In this section you will learn how to run edge queries in detached mode using store and forward (SNF). When running in SNF mode an edge will buffer up locally to a configurable number of elements over a configurable time period. When the time period expires it will attempt to connect to the server and try to forward these values through a configurable function on the server.

In addition, store and forward can be configured to never send streams to the server allowing for a fully detached execution of queries.

To understand SNF you will now learn how to configure an edge device to run edge queries on start.

Note

This section assumes that you have at least one edge named edge1 connected.

Configuring store and forward​

Store and forward has the following configurable options:

  • store-and-forward (String, Required) - Name identifying the SNF task. Used to retrieve forwarded data via subscribe('<EDGEID>-SNF-<name>').

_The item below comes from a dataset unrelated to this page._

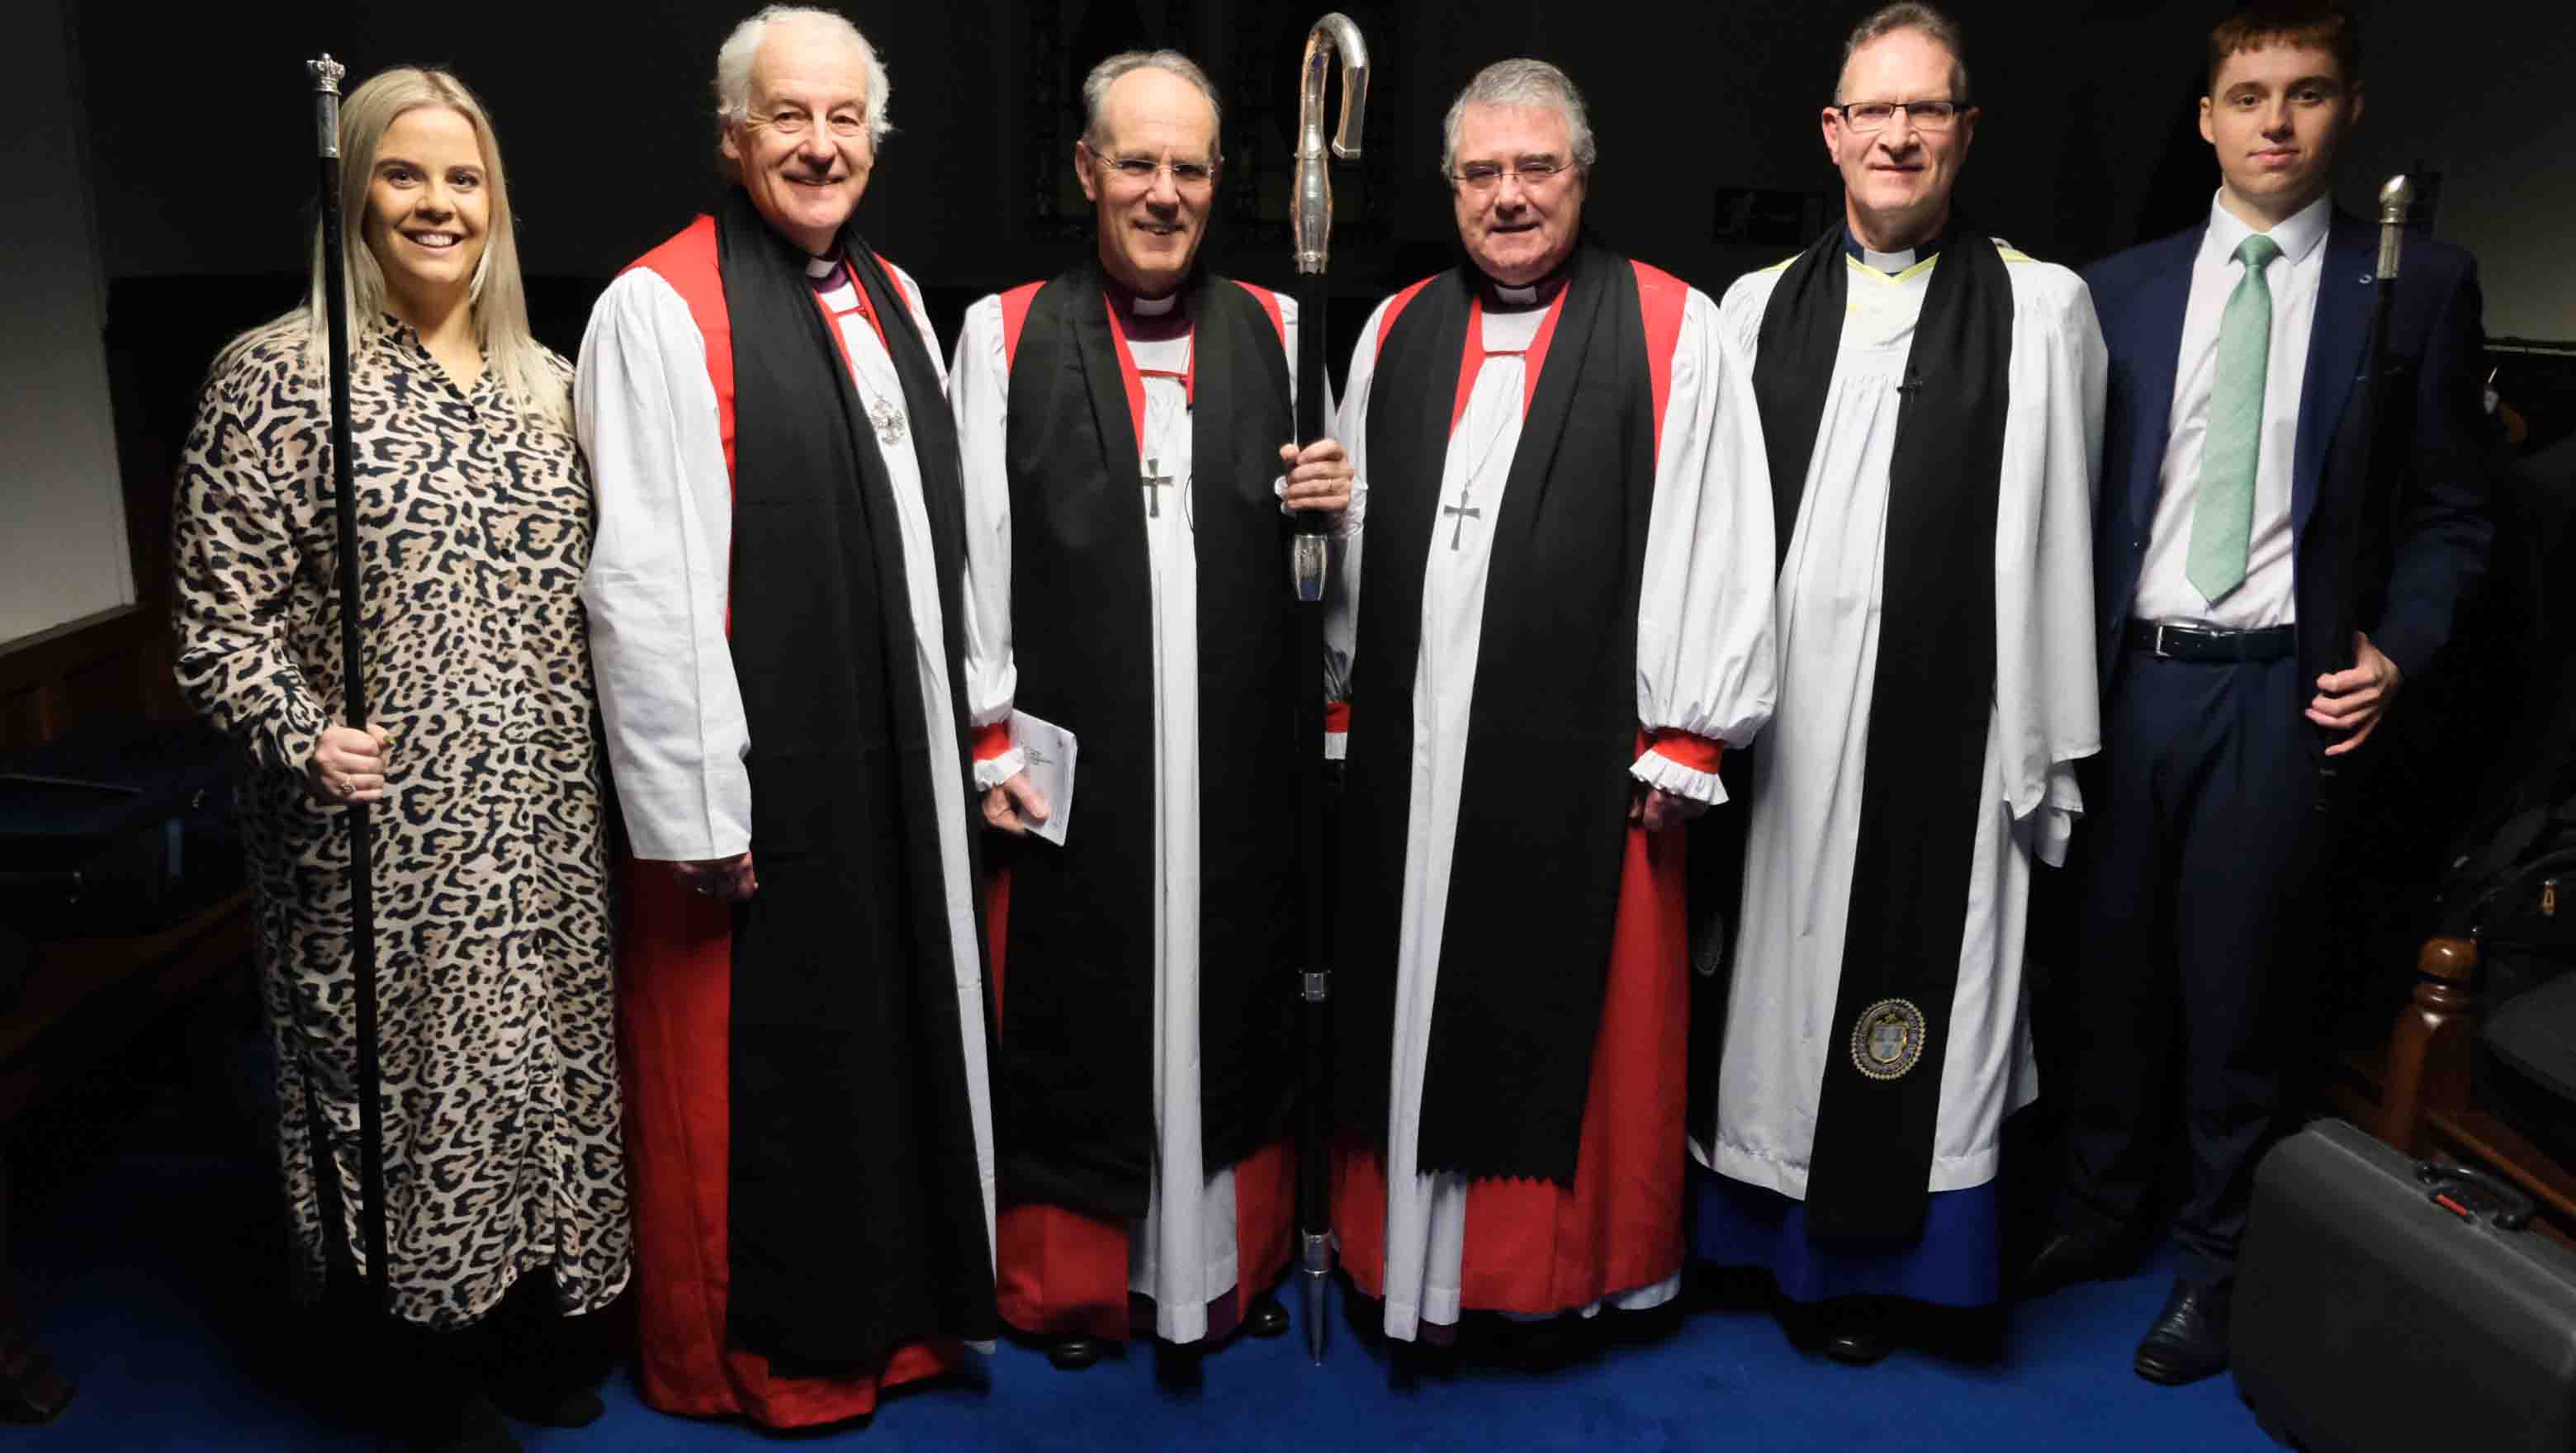 Churchwardens Alanna Williamson (left) and Nathan Clyde (right) with Archbishop Michael Jackson, Bishop Ian Ellis, Archbishop John McDowell and Dean Kenneth Hall, at the service to mark 400 years of worship in Enniskillen.
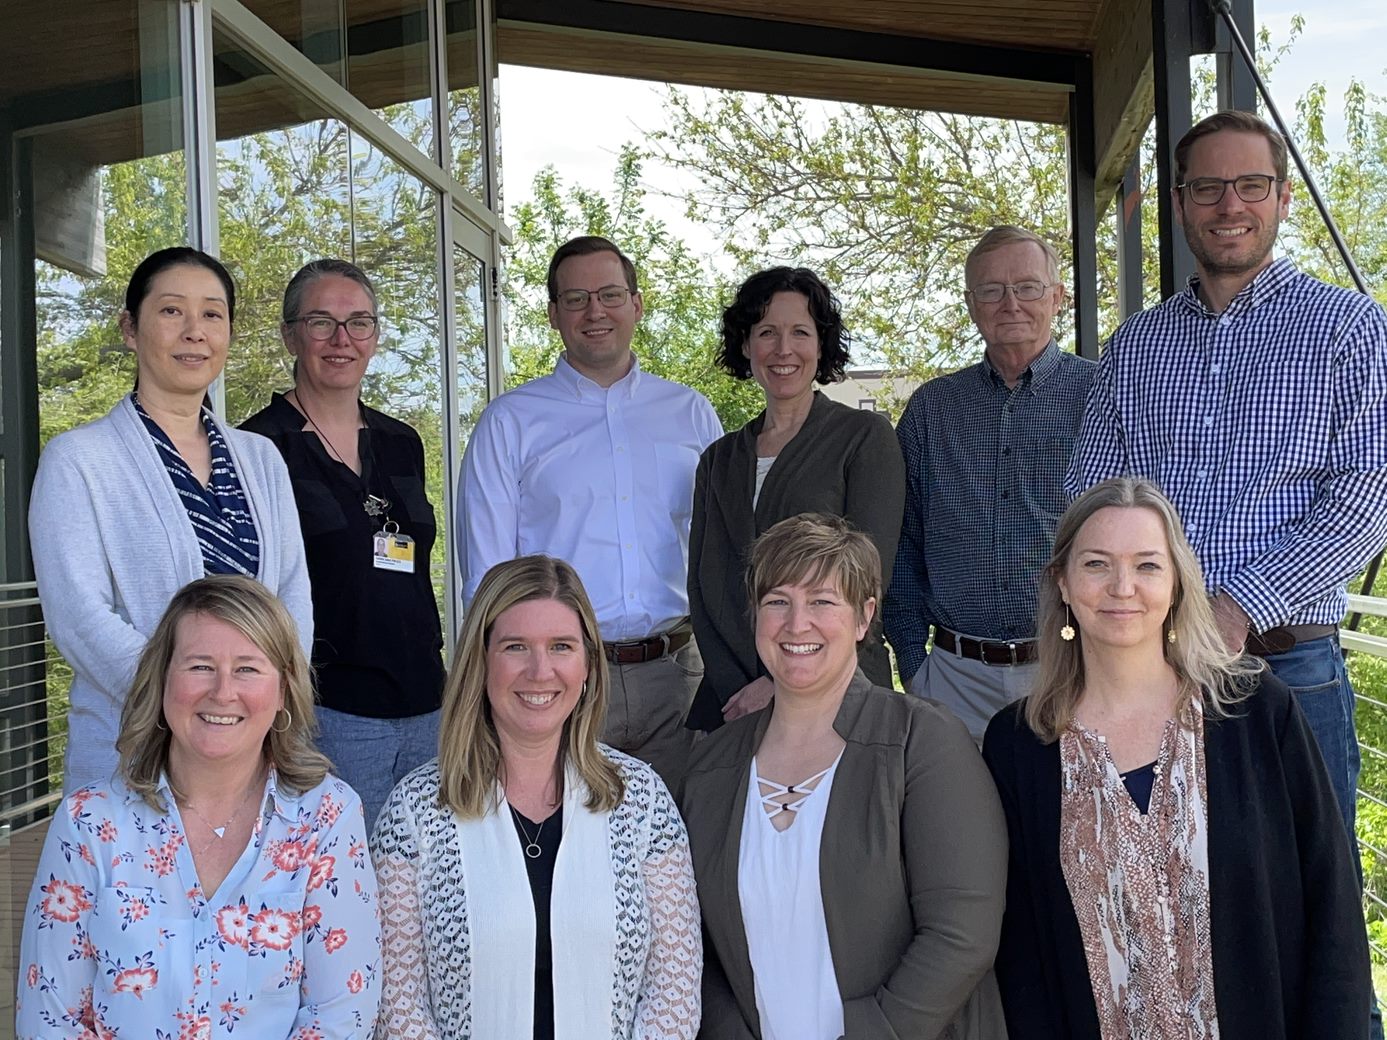 Some of UI IPRC’s Executive Committee members during our strategic planning retreat. From left to right, top: Sato Ashida, Colette Galet, Jon Davis, Carri Casteel, Jim Torner, Mark Berg. From left to right, bottom: Lisa Roth, Kristel Wetjen, Kari Harland and Ann Saba. Not Pictured: Joe Cavanaugh, Cara Hamann, Michele Lilienthal, Ann Marie McCarthy, Dan McGehee, Michelle Reyes, and Diane Rohlman.

  • store-and-forward-interval (Number) - Seconds between each forward attempt to the server. If not set then edge will attempt to forward once buffer-size/2 elements are buffered.

  • buffer-size (Integer, Default 1000) - Maximum number of elements to buffer before the oldest values are dropped.

  • store-and-forward-storefn (String, Default stream.charstring.charstring.record.snf_publish_storer->object) - Resolvent name of the OSQL function called on the server to process uploaded data. Built-in alternatives: snf_csv_storer, snf_json_storer.

  • store-and-forward-params (Record) - Additional parameters passed to the storer function. See storer-specific parameters below.

  • store-and-forward-local (Boolean) - When true, the edge runs the query locally without forwarding to the server.

Edge-side buffer parameters:

  • store-and-forward-buffer (String, Default "memory") - "memory" or "file". When "file", buffered rows are written to rotating segment files under <sa_home>/snf-buffer/<edgeid>/<flow>/ so they survive an edge restart.

  • store-and-forward-file-dir (String) - Override for the file buffer directory. Default: <sa_home>/snf-buffer/<edgeid>/<flow>/.

  • store-and-forward-file-segment-rows (Integer, Default 1000) - Rotate the current segment file after this many rows.

  • store-and-forward-file-segment-bytes (Integer, Default 1048576) - Rotate when file size reaches this many bytes. Whichever threshold (rows or bytes) is hit first triggers rotation.

  • store-and-forward-file-max-segments (Integer, Default 64) - Maximum closed segment files on disk. The oldest is deleted when exceeded (FIFO shedding).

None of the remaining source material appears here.